To our knowledge, this study is the first to report the repeatability of PACs and PVCs with varying lengths of aECG recording in a community‐dwelling population. Our analysis showed that the repeatability of PAC and PVC assessments is excellent for recording lengths of 6–24 hr and fair for 3‐hr recordings, according to the ICC interpretation recommended by Fleiss (1986). As expected, the majority of the variation was between‐participant. The proportion of variability accounted for by within‐visit variation decreased with longer recording length. Recordings >3 hrs improved repeatability of PAC and PVC assessment, with only modest gains in repeatability after 12‐hr recording lengths.

The between‐visit variation estimated in our models represents the additional variation that is added when the measurements are repeated 38 days (on average) apart, above the variation that occurs when the measurements are repeated within a 48‐hr period (within‐visit). For 12‐ and 24‐hr recordings, the within‐visit variation was lower than the between‐visit variation, suggesting that more variation was added between visits. For 6‐hr recordings, the within‐ and between‐visit variation was similar. For 3‐hr recordings, the within‐visit variation was higher than the between‐visit variation suggesting that little variation was added when relating two PAC or PVC measurements from different visits compared with relating PAC or PVC measurements from a 48‐hr period.

The between‐participant, between‐visit, and within‐visit variation we observed in PACs and PVCs among our study could be attributed to biological variation in hemodynamics and arterial anatomy, technical factors, sensor placement, and environmental factors including medications. Variability in PAC and PVC measurements could also differ by comorbidity status, such as metabolic impairments and various forms of cardiomyopathy. Heart failure and CHD are associated with a greater variability in the frequency of ectopic beats (Anderson et al., 1990; Schmidt et al., 1988). This study population, however, comprised community‐dwelling participants without persistent AF.
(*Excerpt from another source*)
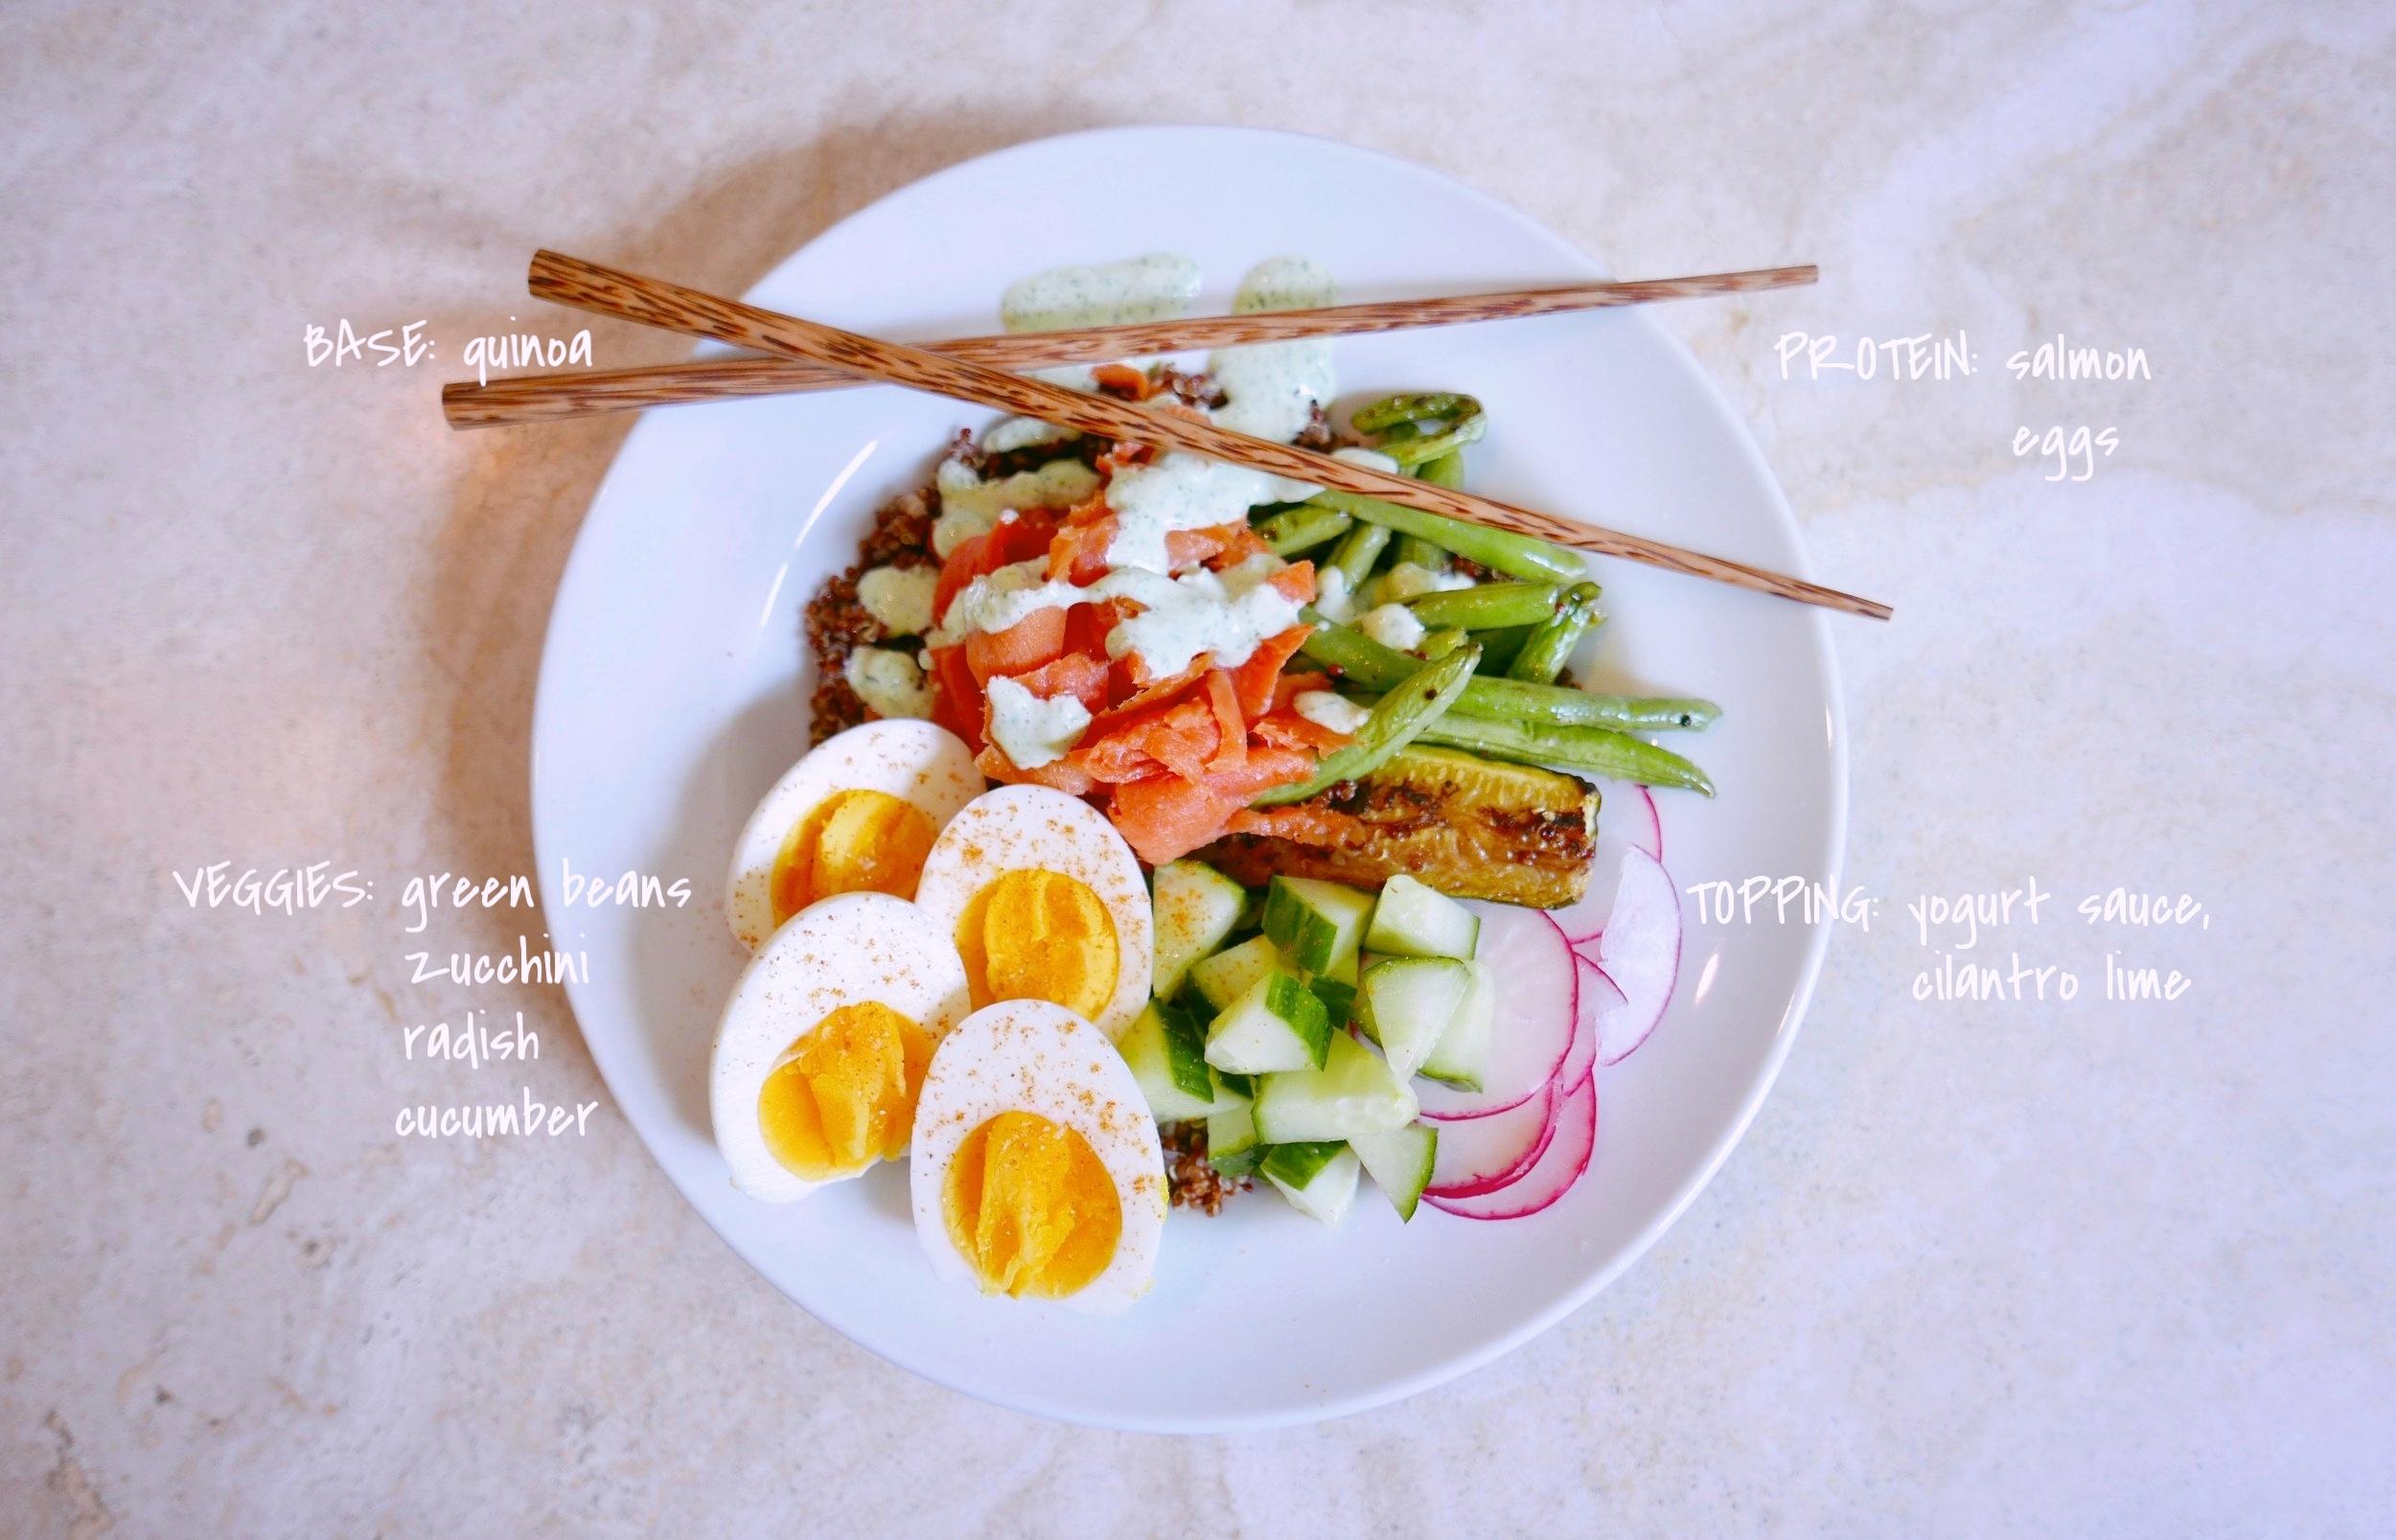 Salmon Breakfast Plate

To our knowledge, only one study evaluated the sources of variability for PVCs from a 72‐hr aECG recording taken about 3 months apart among 15 participants with CVD that included hypertensive cardiovascular disease, coronary artery disease, congestive cardiomyopathy, and valvular heart disease (Morganroth et al., 1978). The estimated sources of variation in PVCs per hour were 66% for between participant, 16% for between hours, 10% for between 8‐hr periods, and 8% for between days. Within participants, the estimated sources of variation in PVCs per hour were 48% for between hours, 29% for between 8‐hr periods, and 23% for between days. These results are similar to our study showing that the majority of the variation in PVCs was between participants and the majority of the variation within a participant was between hours, which correspond to our shortest recording interval of 3 hrs analyzed here.
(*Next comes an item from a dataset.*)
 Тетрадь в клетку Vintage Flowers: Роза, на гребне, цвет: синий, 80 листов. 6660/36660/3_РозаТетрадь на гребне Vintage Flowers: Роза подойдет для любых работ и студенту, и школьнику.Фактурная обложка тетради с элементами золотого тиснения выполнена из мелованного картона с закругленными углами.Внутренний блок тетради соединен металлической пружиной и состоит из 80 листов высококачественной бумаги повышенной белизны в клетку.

Repeatability of PVCs on aECG has been reported in certain clinical populations such as those who exceed a threshold of 30 PVCs per hour, had congestive heart failure, or had CHD. These studies showed high level of short‐term variability in PVCs among these patient populations. The frequency of PVCs had high variability between hours (Winkle, 1978; Michelson & Morganroth, 1980) and between years (Anastasiou‐Nana et al., 1988), but measures over weeks were correlated (Anastasiou‐Nana et al., 1988; Raeder et al., 1988; Sami et al., 1980).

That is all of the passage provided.